We also did a quick job for a Toronto studio who desperately needed help with a pinball game: the collision detection was a big mess. This seems to happen a lot with Flash/Actionscript: you have very skilled application developers assuming that their skills will transfer easily to making games overlooking the fact that there are a few quasi-game-specific areas which you don’t generally learn while writing server/e-commerce/web apps. Unfortunately pinball is probably the worst possible choice of game to make if you’ve never dealt with physics/collision before. That was a hellish week, but also quite a fun challenge.
Anyway, our narrative has now made its way to the current year, good old 2007. In January we sat down and got back to work on Robotology, starting by figuring out exactly what the hell was going on with the simulator. Raigan was getting pretty stressed out by this point — in the spring of 2006 he game down with stress-induced shingles, and while the extended schedule helped to relieve the pressure that summer, the clock had started to tick yet again.
Thankfully, Mare came up with a fantastic plan: rather than scrambling about randomly, we would make a list of technologies which were known to solve the problems we were facing, and then systematically try to implement each one until we found something that worked. If nothing worked, we would revise our design to fit with whatever our technology could handle. The genius of this plan, amazingly, was that it was a plan: a nice, simple recipe for accomplishing a goal.

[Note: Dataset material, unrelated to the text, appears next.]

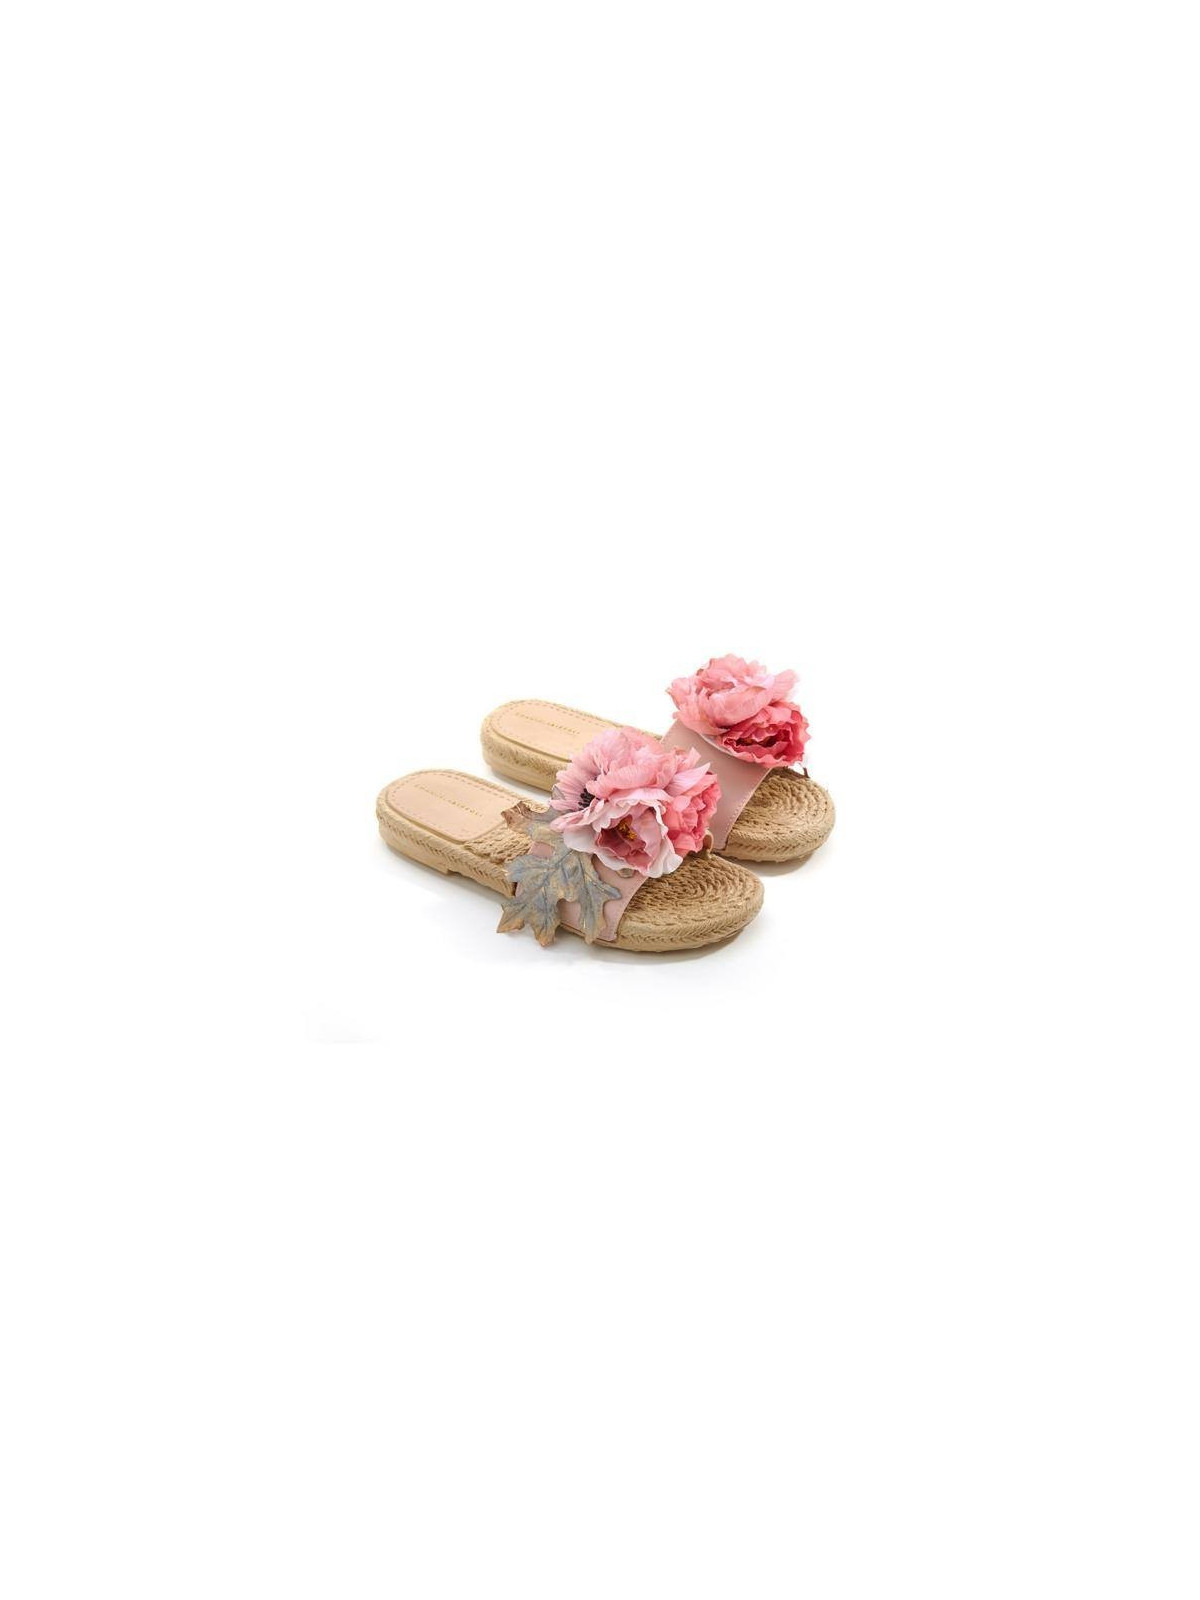 Biffoli Ciabatta in PVC con fiore rosa e foglia39,00 €

So, plan in hand, we made our list of the known technologies for simulating articulated bodies:
- mass+spring systems:
- a) Jakobsen’s Advanced Character Physics
- b) Kacic’s A Practical Dynamics System
- impulse-based rigid bodies:
- a) Catto’s sequential-impulse method
- b) Bender’s prediction-based method
- esoteric/alternative particle-based methods:
- a) Muller’s Meshless Deformations Based on Shape Matching
- b) Muller’s Position Based Dynamics
Actually, this is a list of known technologies which not only do what we need, but which (more importantly) we could realistically implement! There are a wide variety of other methods which we rejected due to the fact that they were beyond our ability to comprehend well enough to use:
- The entire family of reduced-coordinate methods, which are pretty much custom-made for simulating articulated bodies as we needed, but which sadly require an understanding of “generalized coordinates”. These are things so terrifyingly difficult to understand/visualize/intuit that someone actually invented a completely different simulation methodology, just to avoid having to learn them! If you are interested, Kokkevis’ GDC2004 presentation is a good start.
- David Wu’s amazingly awesome implicit-Euler-based solver, whose presentations we read diligently every few months and yet still have only a 10-15% understanding of. This is really unfortunate since he actually presents a fully working method for doing exactly what we want to do: physically-driven skeletal animation. Sadly we just can’t quite wrap our heads around the advanced numerical/optimization math required.
- Weinstein/Guendelman-type iterative impulse-based methods; while these have definitely been used with success (jiglib), we felt that they didn’t really do anything that the previously-listed Catto/Bender methods didn’t, while being more involved/complex. So, why bother?
Hmm.. this post is definitely getting long. The results of our systematic experimentation will have to wait until next time.
i don’t mind long posts, just finish the tale!
do you find sometimes when you read a paper on this kind of stuff you just fail to understand, you lose concentration and just sit there absentmindedly looking at the thing and thinking about how complicated it is?
I have that very problem, but obviously with less complex physics. lol.
Man! Nice work finding… stuff. I have a tendency to hit the graph paper, then jump right in long before I care to even look if anyone that speaks mathenese has encoded madness to whitepaper. Good for figuring stuff out, but not so good for the whole “reinventing the wheel”/saving time thang.
Even though I don’t understand a great deal of the details, this is the kind of post I like to read. I’m interested in what goes on in making the game, and you are quite good at describing the process and challenges in a way that’s interesting even to someone with no programming background.
Keep these progress reports coming!
I want to do a post about this in the future, but reading research papers is definitely an acquired skill. I think the problem is that most people read things once and then give up if it doesn’t make sense; sadly the papers are written so that even experts are meant to read them several times.
Even with something as straightforward and simple as the Jakobsen paper, over the course of a couple years I reread it maybe a dozen times, and each time I learnt something new.
Indeed. I can’t even remember how many times I’ve read the Jakobsen paper myself, especially after I “got” verlet. I think though, the content of many papers could be described much better, simpler. Be it initially, or by a 3rd party “translator”. Even an alternative perspective on a topic can be beneficial for understanding or filling in the holes of an idea. We should be rereading for wisdom, not to actually understand it in the first place.